Task brief: Beginning with the line that contains "This fabulous hand" and ending with the line that contains "Exact rug size", reproduce the lines of the entries below exactly, omitting pictures.

Records for this exercise:
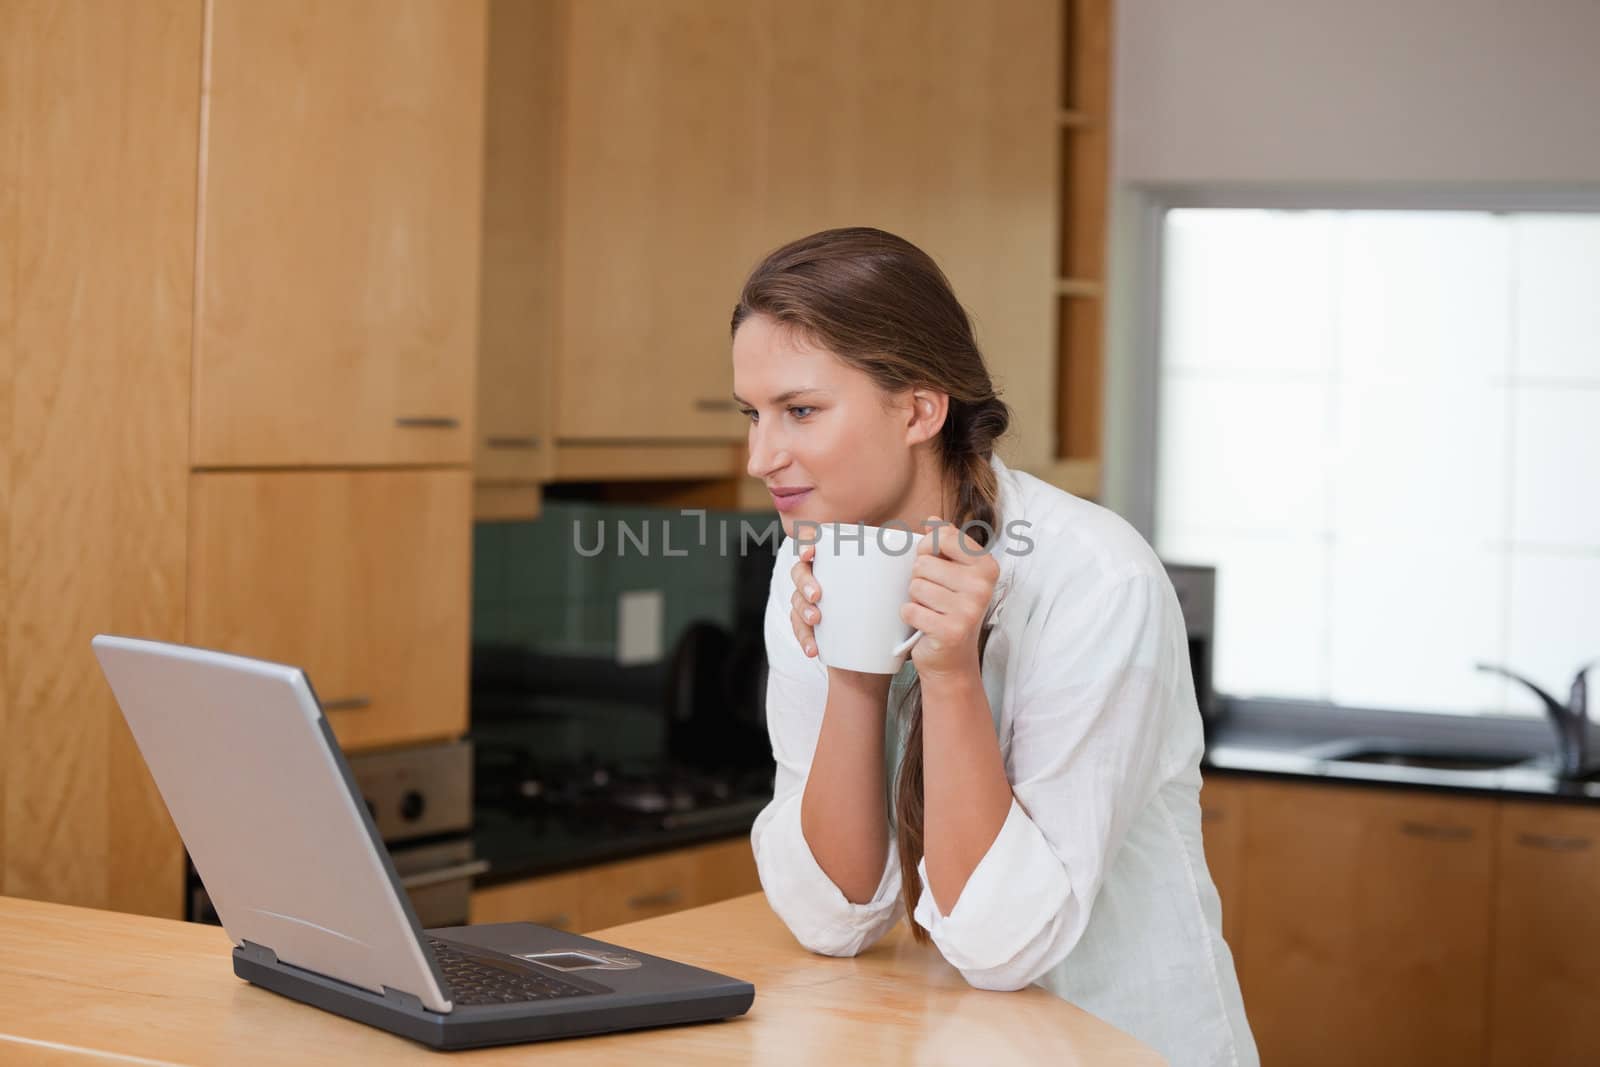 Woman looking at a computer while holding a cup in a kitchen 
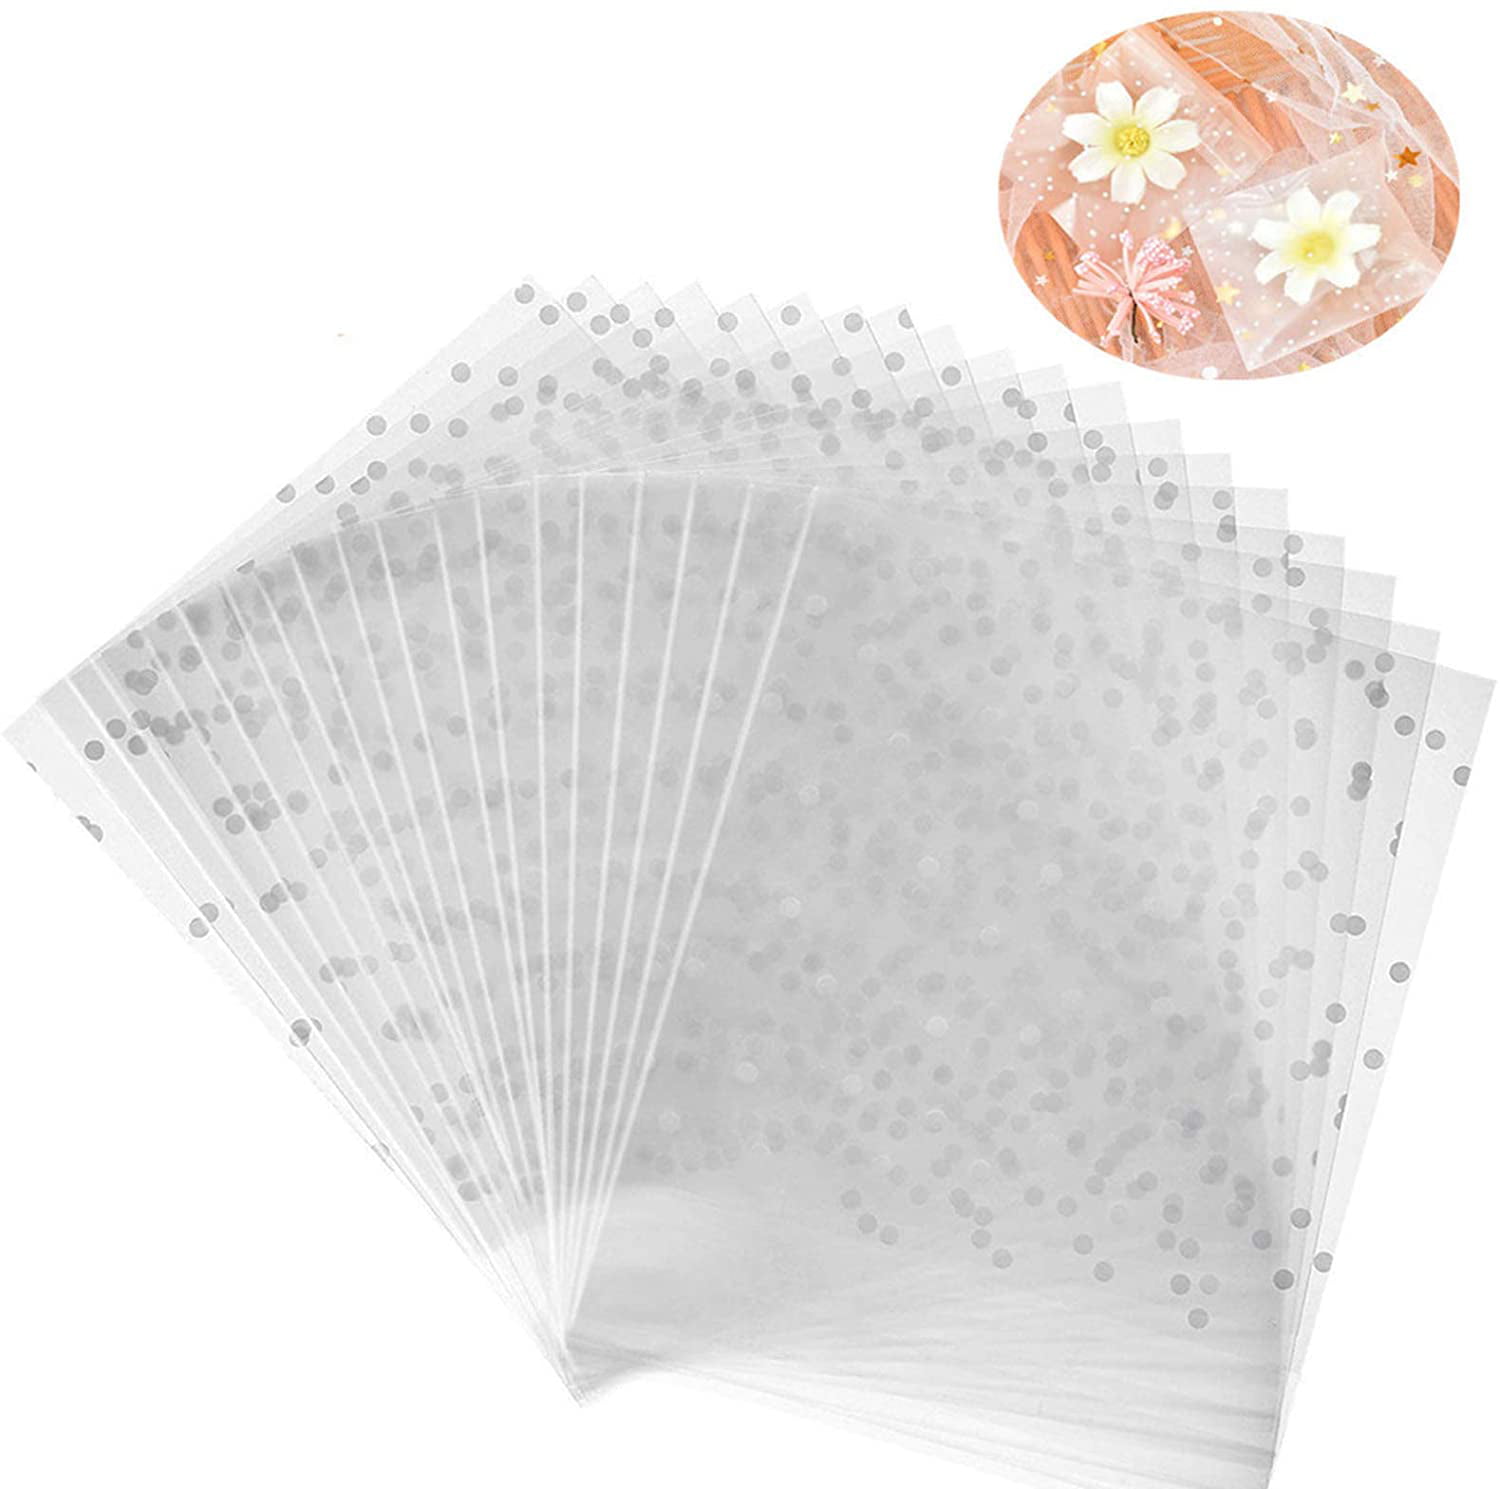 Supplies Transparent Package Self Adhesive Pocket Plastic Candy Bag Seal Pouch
* * *
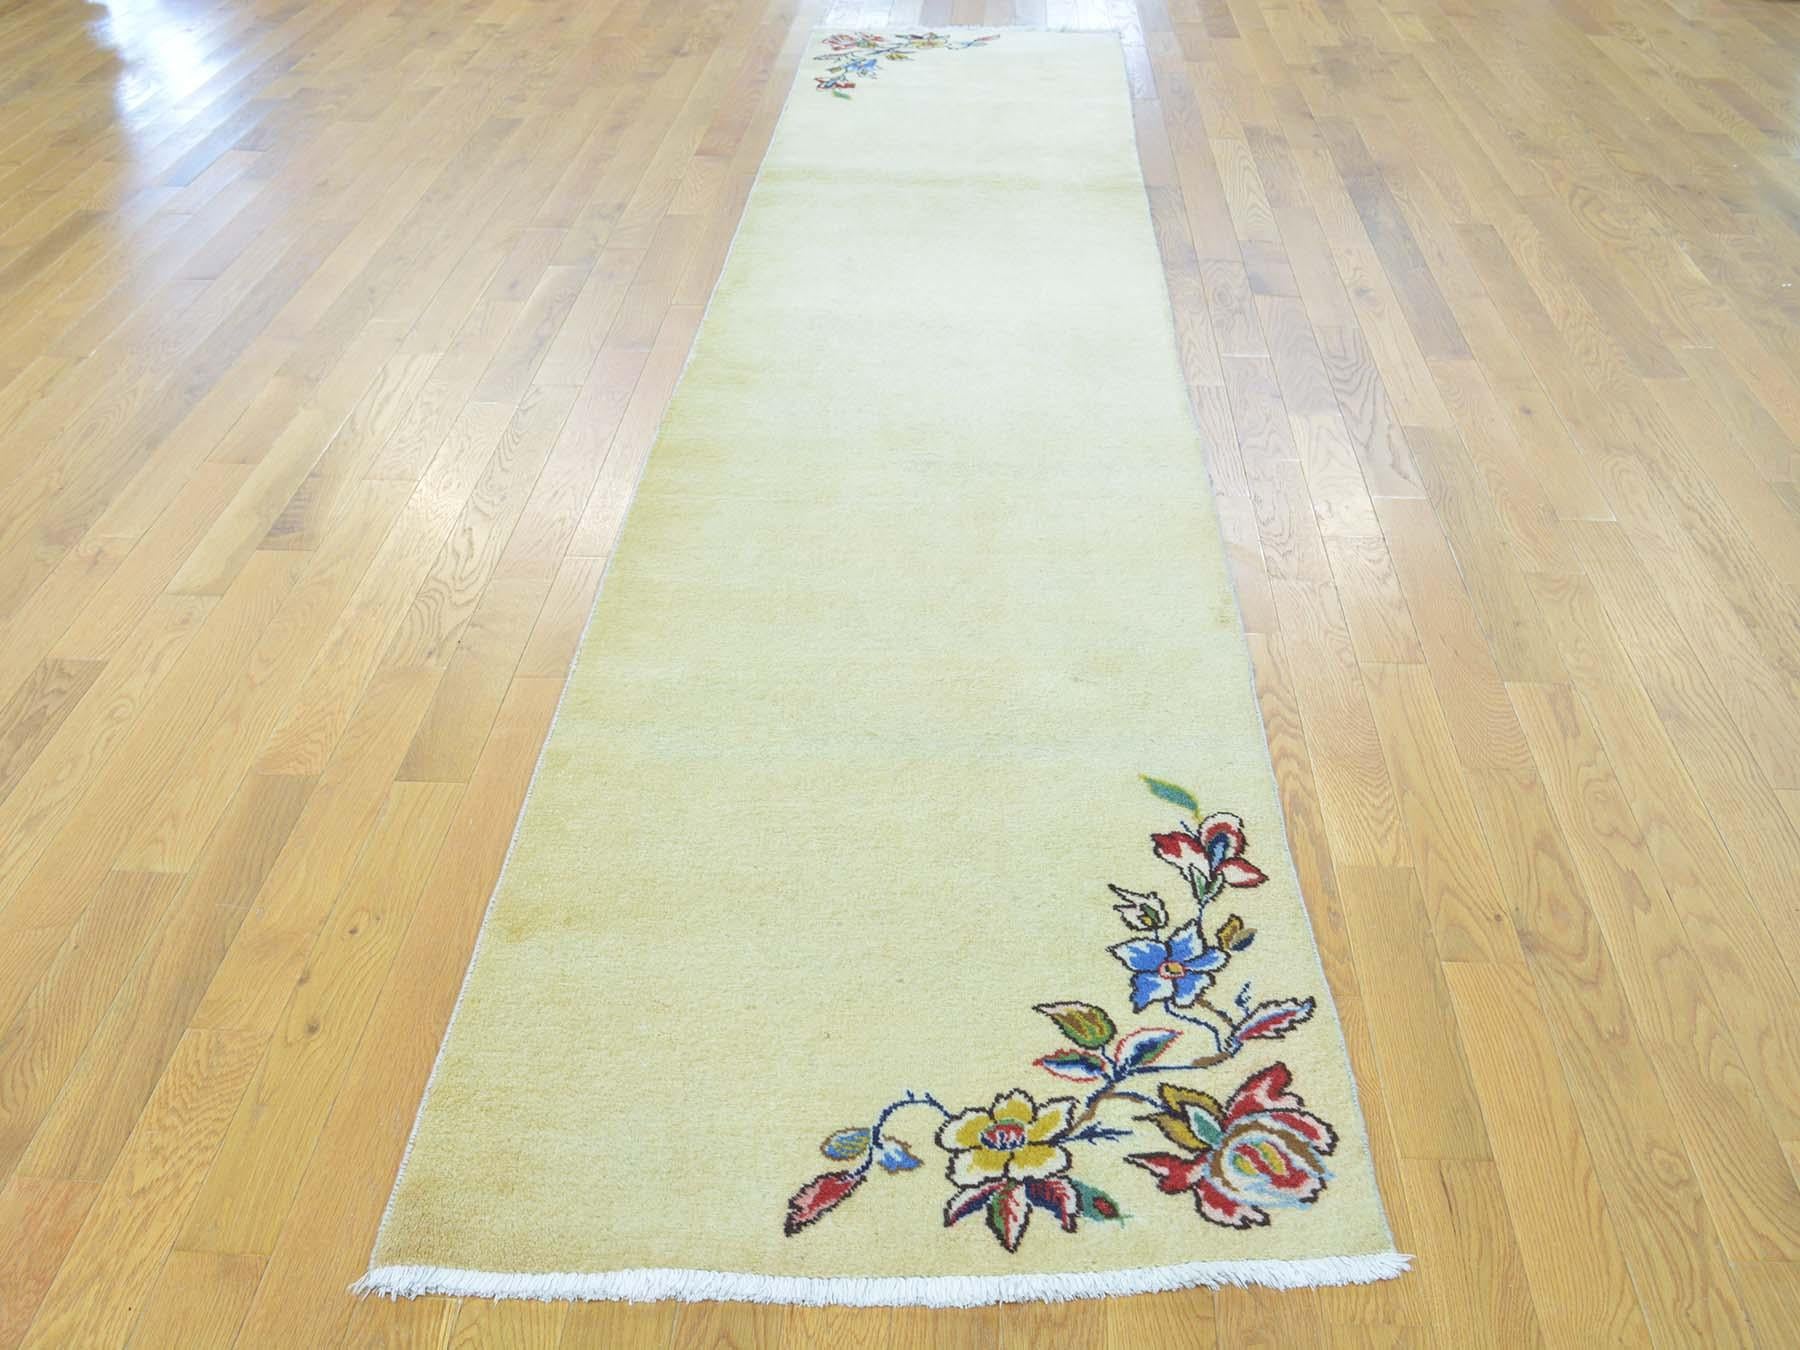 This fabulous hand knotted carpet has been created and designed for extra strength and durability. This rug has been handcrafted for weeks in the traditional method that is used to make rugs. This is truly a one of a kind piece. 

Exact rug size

Result of the task:
 This fabulous hand knotted carpet has been created and designed for extra strength and durability. This rug has been handcrafted for weeks in the traditional method that is used to make rugs. This is truly a one of a kind piece. 

Exact rug size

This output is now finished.